I’m trying to decide if I should start learning AppleScript. I have absolutely no experience with it, and very little with Mac in general. But I can be quite tenacious if I think I can do something, especially if it will take just a few weeks of reading/futzing around. I have some basic experience with PHP/MySQL (creating webpage-linked surveys, document libraries with administrative screens), so programming isn’t completely new to me (but I’m still an amateur).
Both ideas involve Quark 6.
- Importing tables
Clients give us a spreadsheet with about a hundred worksheets, one unformatted (save merged cells) table per sheet.

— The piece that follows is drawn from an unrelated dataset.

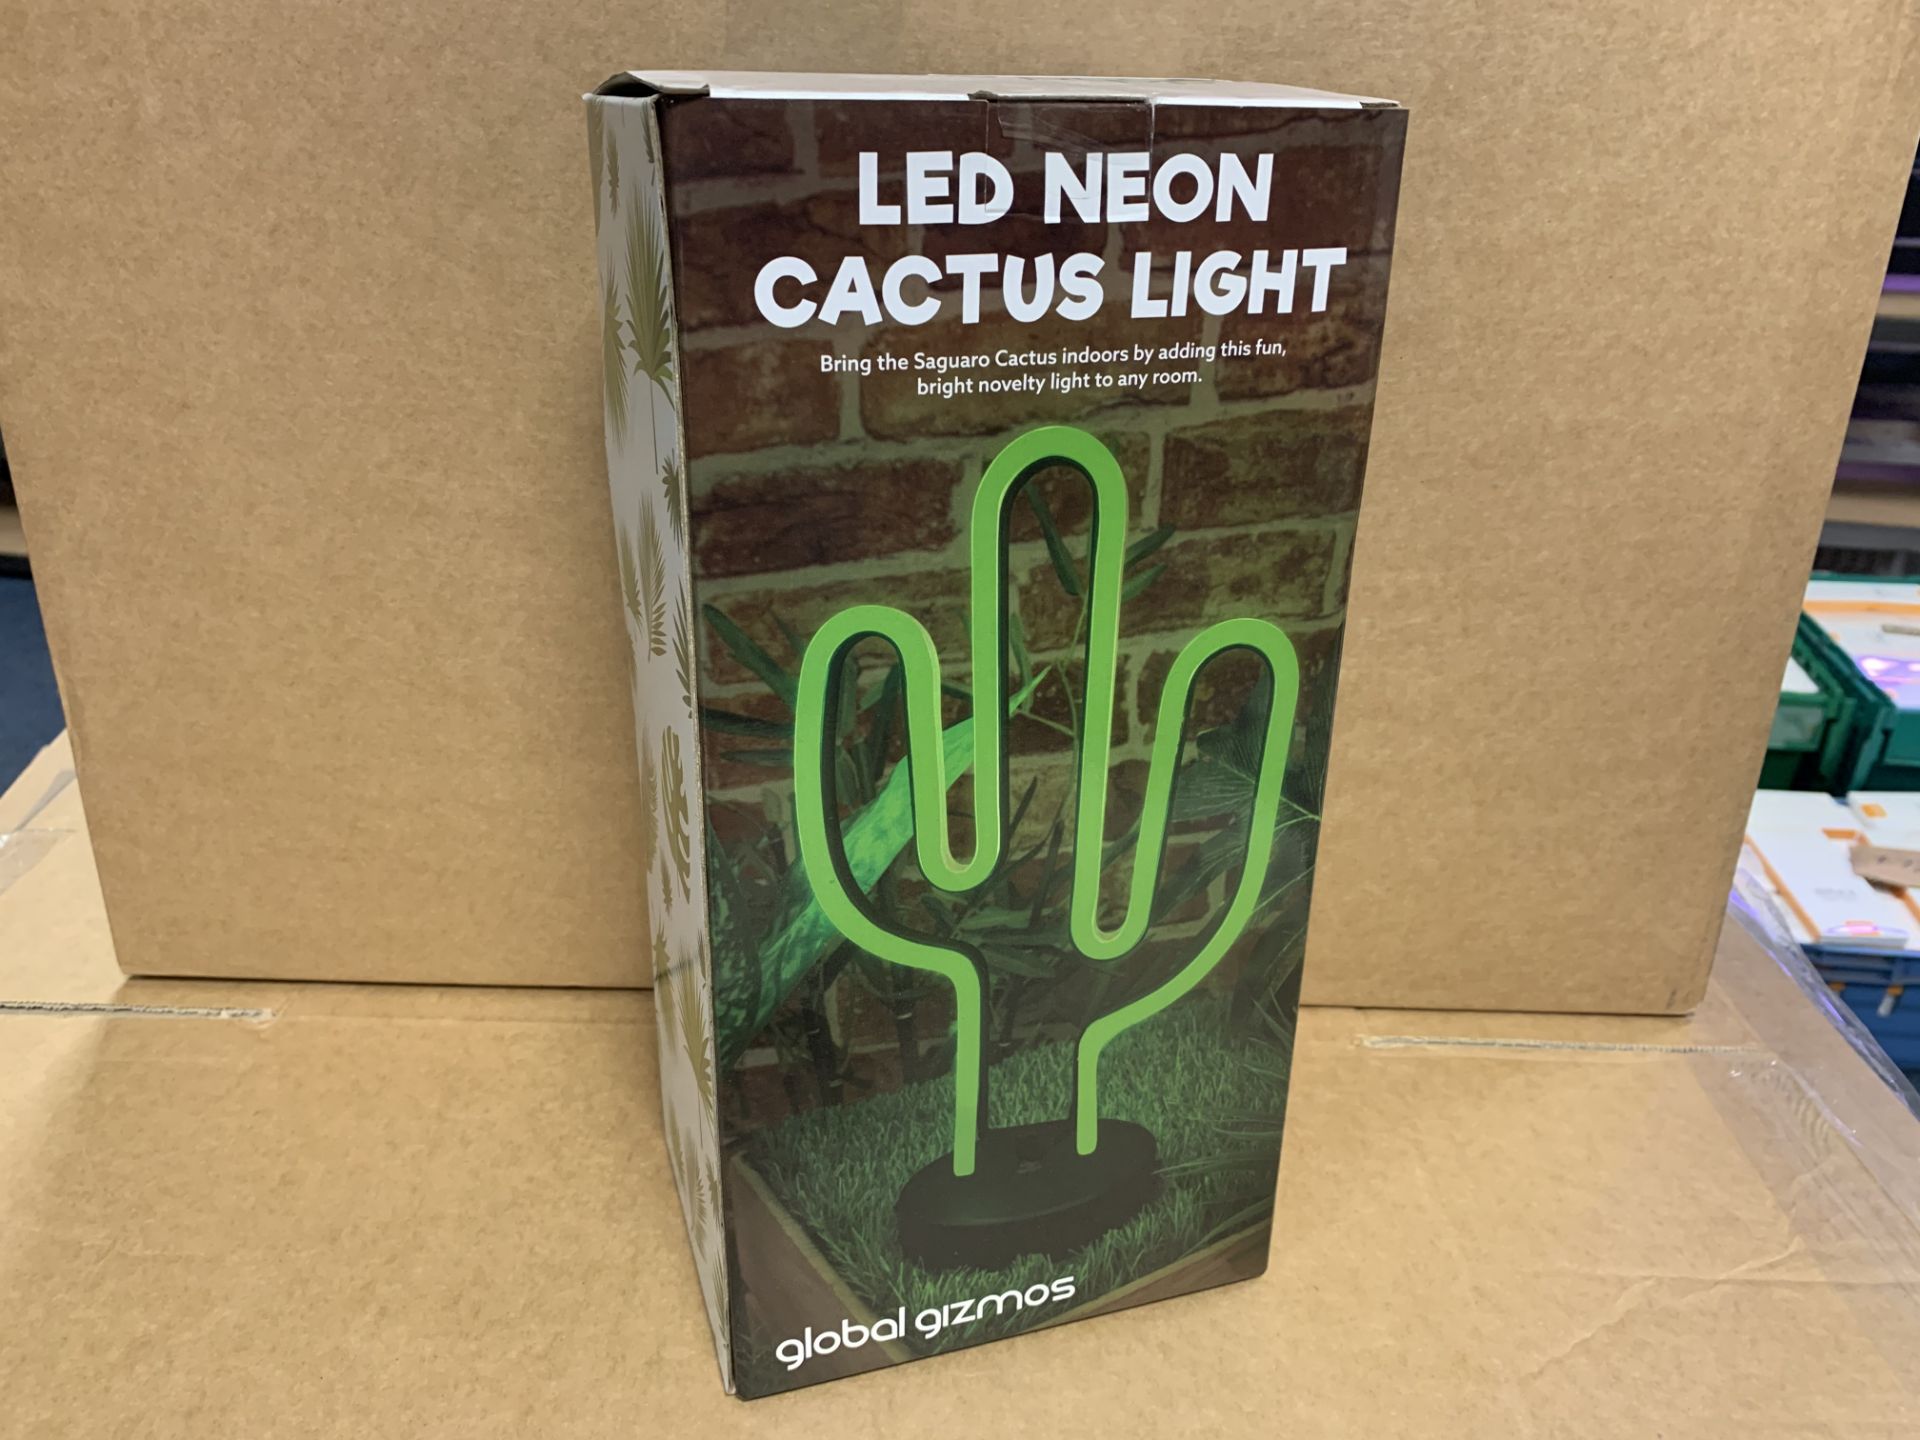 8 X BRAND NEW LED NEON CACTUS LIGHTS BY GLOBAL GIZMOS

Each sheet is individually labeled with the corresponding text citation (e.g., T.1.3).
Right now, we have to draw a table box, select “link to external data,” browse to the file, select the sheet, deselect hidden rows, etc., and wait for it to finish importing. A little later, the process starts all over again. Lots of repetitive clicking, lots of downtime just waiting for Quark to process/import the table.

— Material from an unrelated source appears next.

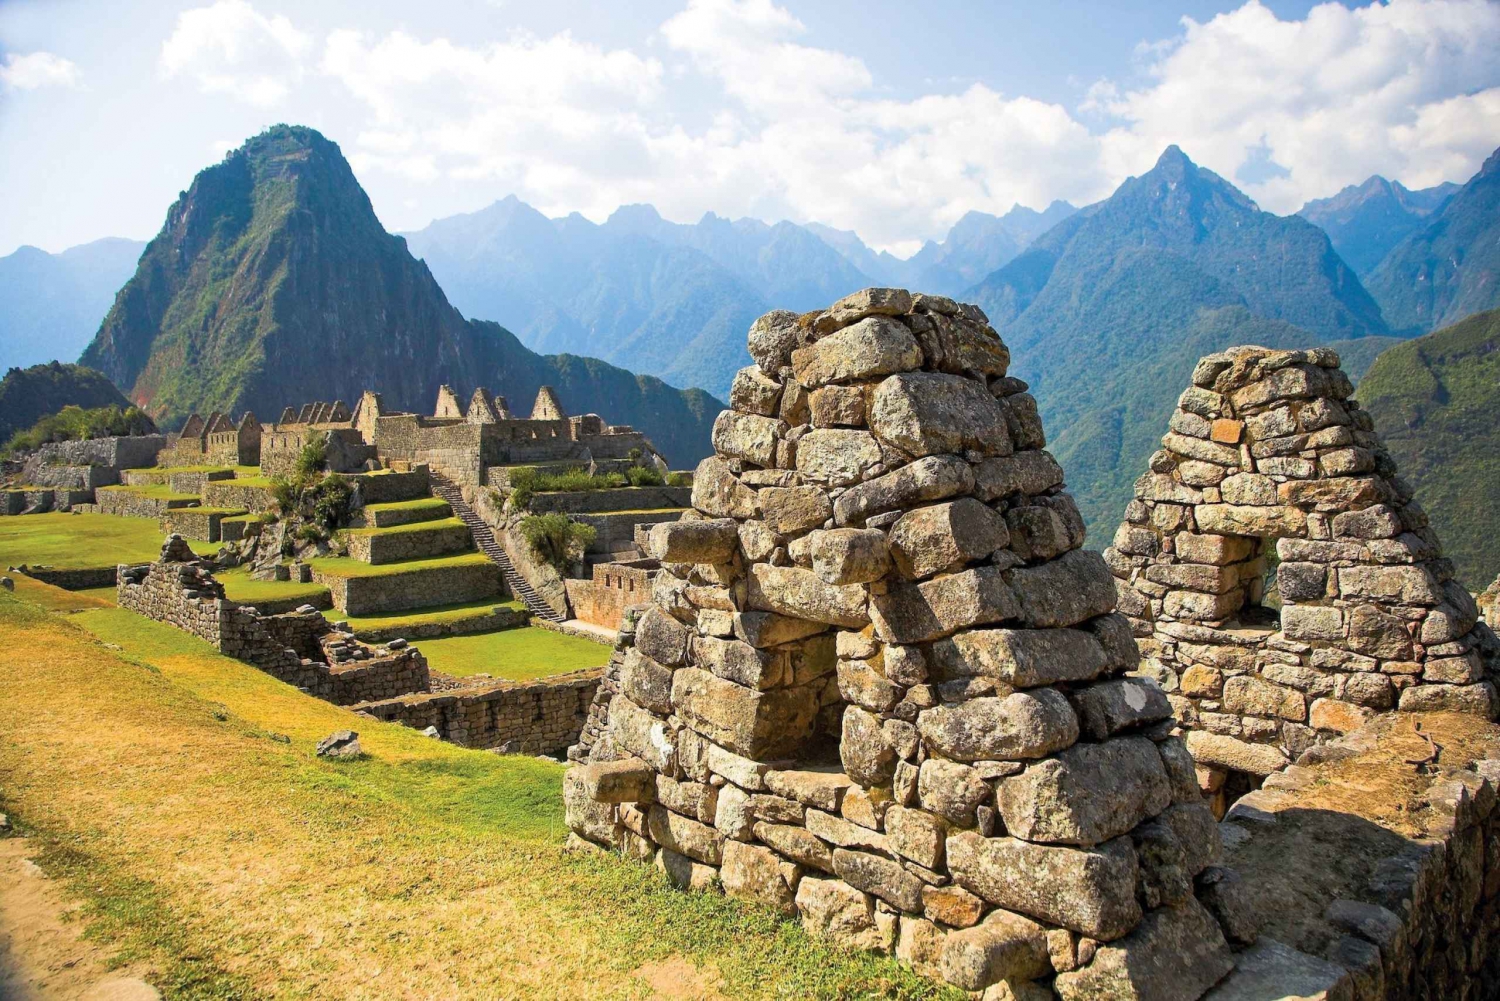 Machu Picchu: Guided Visit to the Lost City of the Incas

Could AppleScript automate this process? Even running a script that pulls each sheet into Quark will allow us to simply copy/paste between Quark documents, making things vastly simpler.
- Renumbering footnotes
Three hundred footnotes. A call from a client. Numbers X,Y, and Z need to be deleted, the rest renumbered. Egad. All manually at the moment.
Could AppleScript help with this? Intuitively, I’d assign footnotes a particular tag (style? Variable?), and write a routine that slogs though adding one to a base count, but don’t know the power and flexibility of AppleScript, nor how easy an implementation like the above would be to do.
I’m not quite asking HOW to do this, but whether or not it’s something that a rank beginner can figure out in a few weeks—whether I should try and figure it out on my own or leave the programming to the professionals. (Of course, if there is a pre-scripted app out there that already does this, feel free to let me know!)